1875 born June 12, privately bapt. June 28, received July 4, Anna Frances Elizabeth. Fisherman
The private baptism suggests that Anna was near to death.
1877 born Nov 2, bapt Dec 2 Charles John Payne. Fisherman
In the 1881 census they are living in Garden Street, Cromer. Garden Street crosses the intersection of New Street and High Street to West Cliff.
1881 Census. Garden Street Cromer.
George Cox Head Mar 28 Fisherman Cromer
Ann Do Wife Mar 30 Kelling
Anna Do Daur 5 Scholar Cromer
Carles Do Son 3 Do do
Ann’s age has been underestimated by two years and Charles’s name is misspelt.
Three more children were born in the next decade.
Baptisms. Cromer.
1882 born Oct 1. 1883 bapt Jan 7 Florence Mary. Fisherman.
1884 born May 3, 1886 privately bapt Jan 29 Robert William. Fisherman
1888 born Dec 27, bapt 1889 Lorrie Emily. Fisherman
By the 1891 census they have moved to 16 Brook St. This was the street where George’s father grew up, between Church St and the sea. The head of household is given as George’s unmarried uncle William, who was employed as a bricklayer. At the young age of 13, Charles has become a self-employed fisherman like his father. George himself did not join the fishing fleet until he was an adult.
1891 Census, Cromer. 16 Brook St.
William Cox Head S 68 Bricklayer Cromer
George B Do Nephew M 38 Fisherman Do
Ann Do Wife M 40 Kelling
Charles J P Do Son S 13 Fisherman Cromer
Florence M Do Daur 8 Scholar Do
Robert H Do Son 5 Do Do
Laura E Do Daur 2 Do
Strictly speaking, ‘Wife’, ‘Son’ and ‘Daughter’ should mean their relationship to the head of the household, but here it is their relationship to George. Ann’s age is again given as two years less than it really was. Robert’s middle initial is given as H, but this is corrected next time.
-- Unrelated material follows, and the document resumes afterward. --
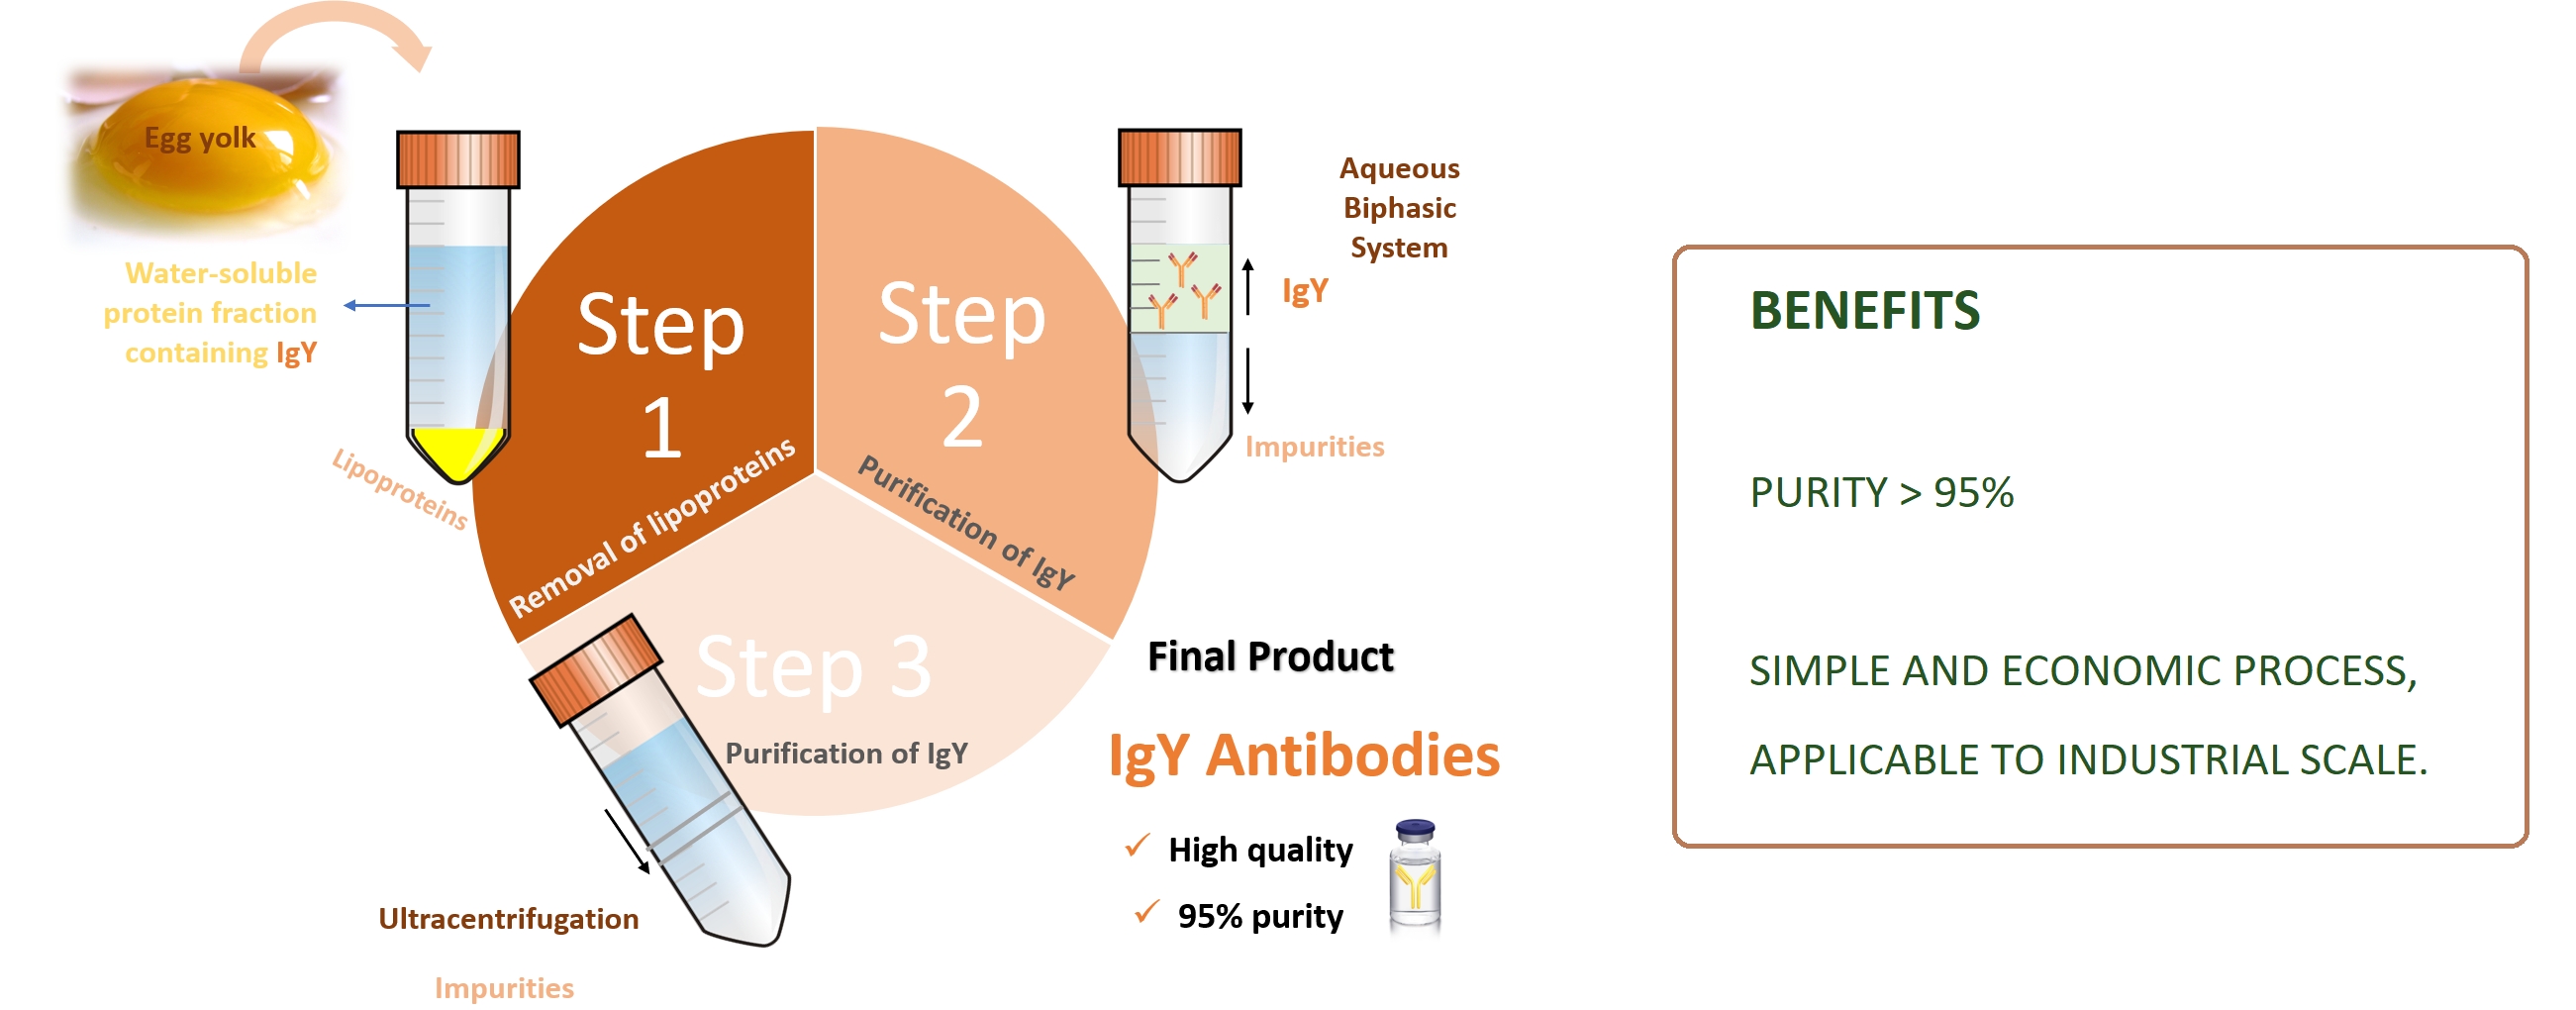 Immunoglobulin Y Purification, Its Products And Uses

In the same census, their 15-year-old daughter Anna was a housemaid at 2 West Cliff, Cromer, a private hotel and boarding house run by James Lovelace.
Ten years later, only Robert remains at home. The family were now at 3 Palmers Cottages.
1901 Census. Cromer. 3 Palmers Cottages.
George B Cox Head M 49 Fisherman own account Cromer
Ann Cox Wife M 52 Kelling
Robert W Cox Son S 16 Bricklayers Labourer Worker Cromer
Robert has evidently followed his great-uncle William’s trade.
By now, Anna had married in the first quarter of 1899. Charles was married. 18-year-old Florence was a housemaid at the West Cliff Hotel, as Anna had been, and 12-year-old Laura was there as a visitor.
Later that year, the elderly Queen Victoria died. Ann lived on into the Edwardian era and George into the reign of George V.
Many of the Cromer fishermen had nicknames. George’s was “Hilly-Holly”. A photograph of him taken in 1902 shows him on the beach, right, with Gilbert Rook. In the background is a crab boat. The sea around Cromer is famous for amber, jet and crabs.
Ann was buried on 6 May 1907. Her age is given in the burial register as 63. On her death certificate it is correctly recorded as 58.
George died in the first quarter of 1911, also aged 58. His burial will be in a later register not available yet.